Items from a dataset
════════

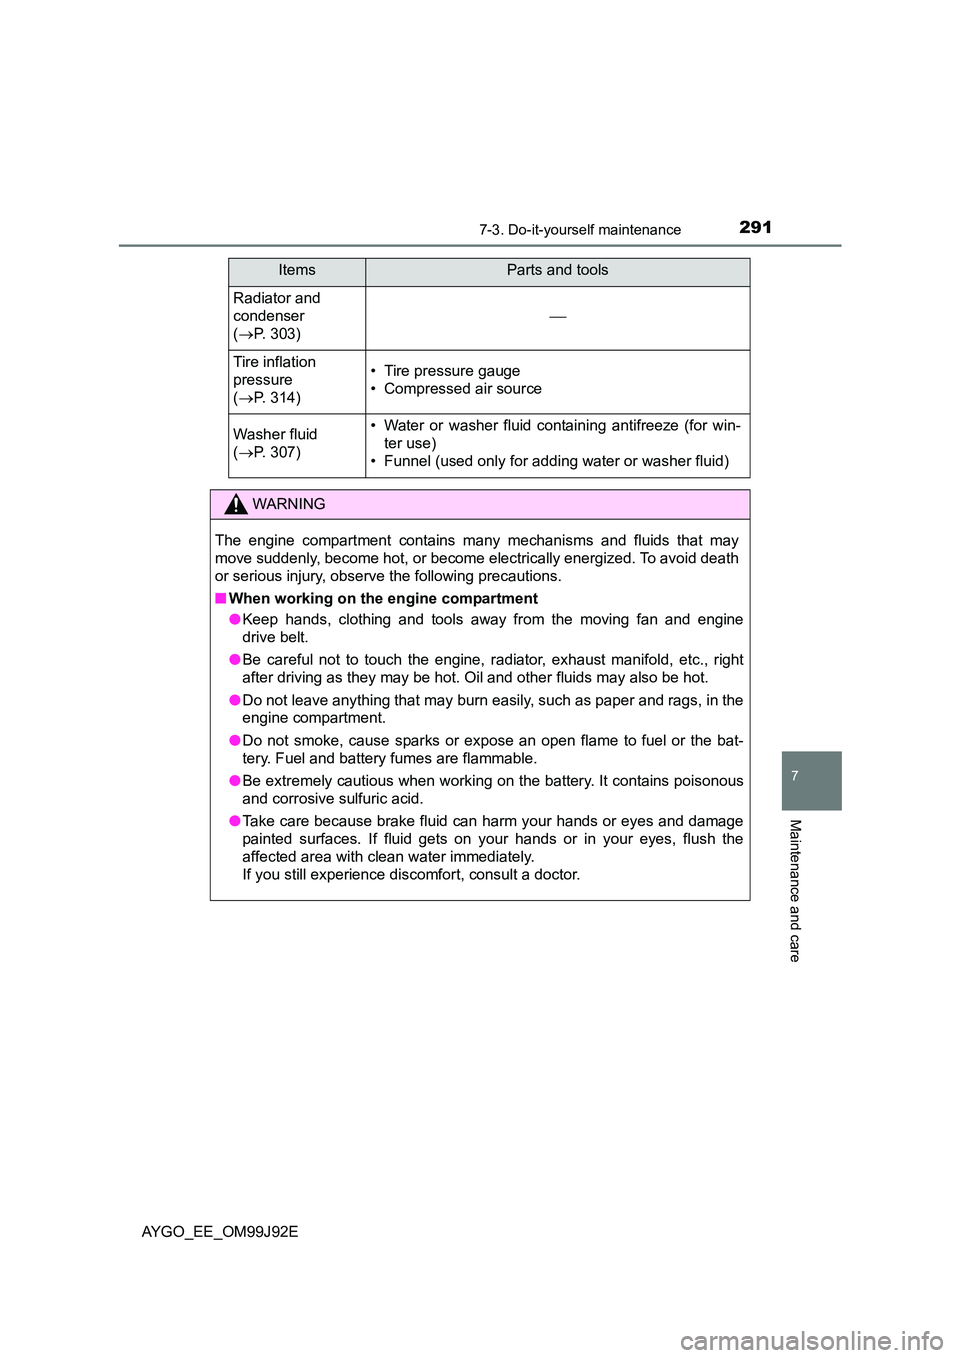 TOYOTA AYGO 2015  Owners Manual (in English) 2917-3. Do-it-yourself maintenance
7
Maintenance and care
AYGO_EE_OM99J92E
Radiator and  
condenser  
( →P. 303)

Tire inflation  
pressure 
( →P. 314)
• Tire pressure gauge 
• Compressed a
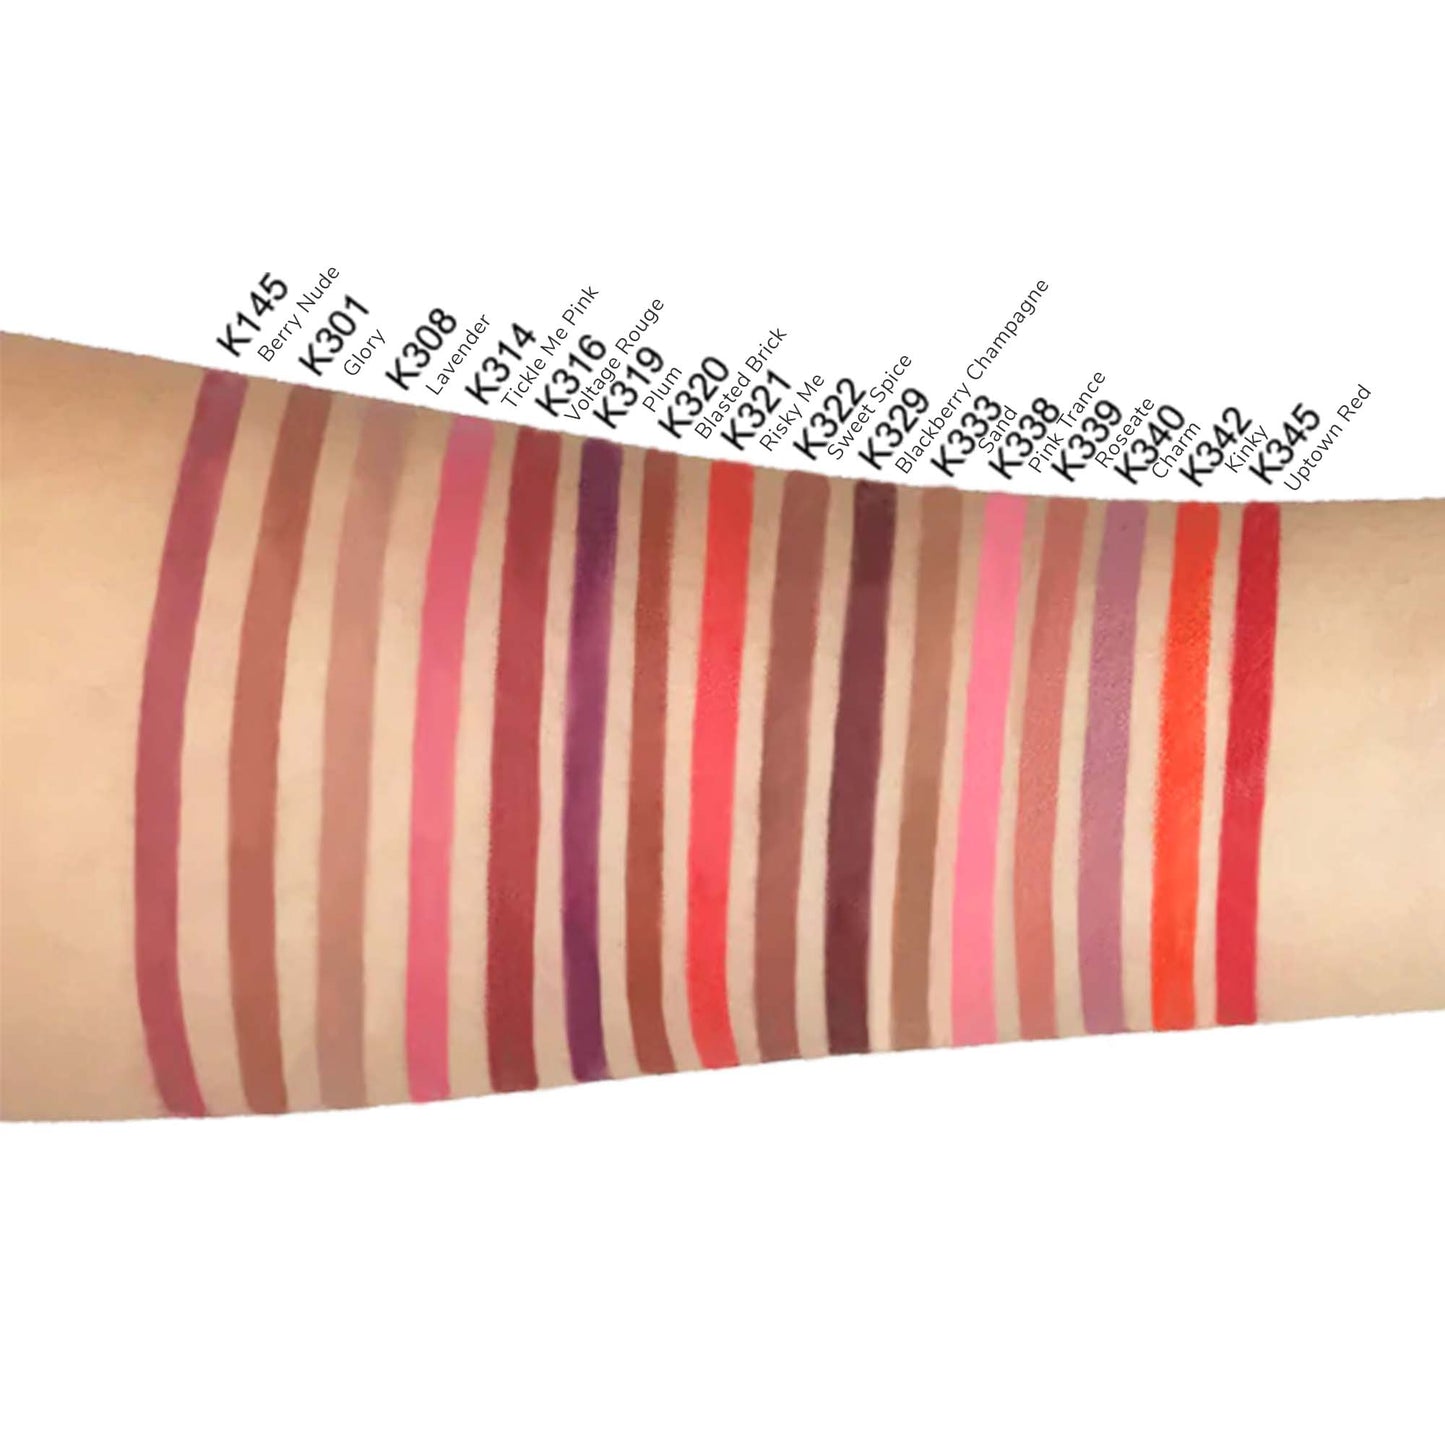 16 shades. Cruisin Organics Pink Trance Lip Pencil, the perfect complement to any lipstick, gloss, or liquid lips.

════════

**PROBLEM DESCRIPTION:**
Starting at the line that contains "Maintenance and care", write out every line through the end of the entries, both ends included, without any pictures.

**EXERCISE OUTPUT:**
Maintenance and care
AYGO_EE_OM99J92E
Radiator and  
condenser  
( →P. 303)

Tire inflation  
pressure 
( →P. 314)
• Tire pressure gauge 
• Compressed a
 16 shades. Cruisin Organics Pink Trance Lip Pencil, the perfect complement to any lipstick, gloss, or liquid lips.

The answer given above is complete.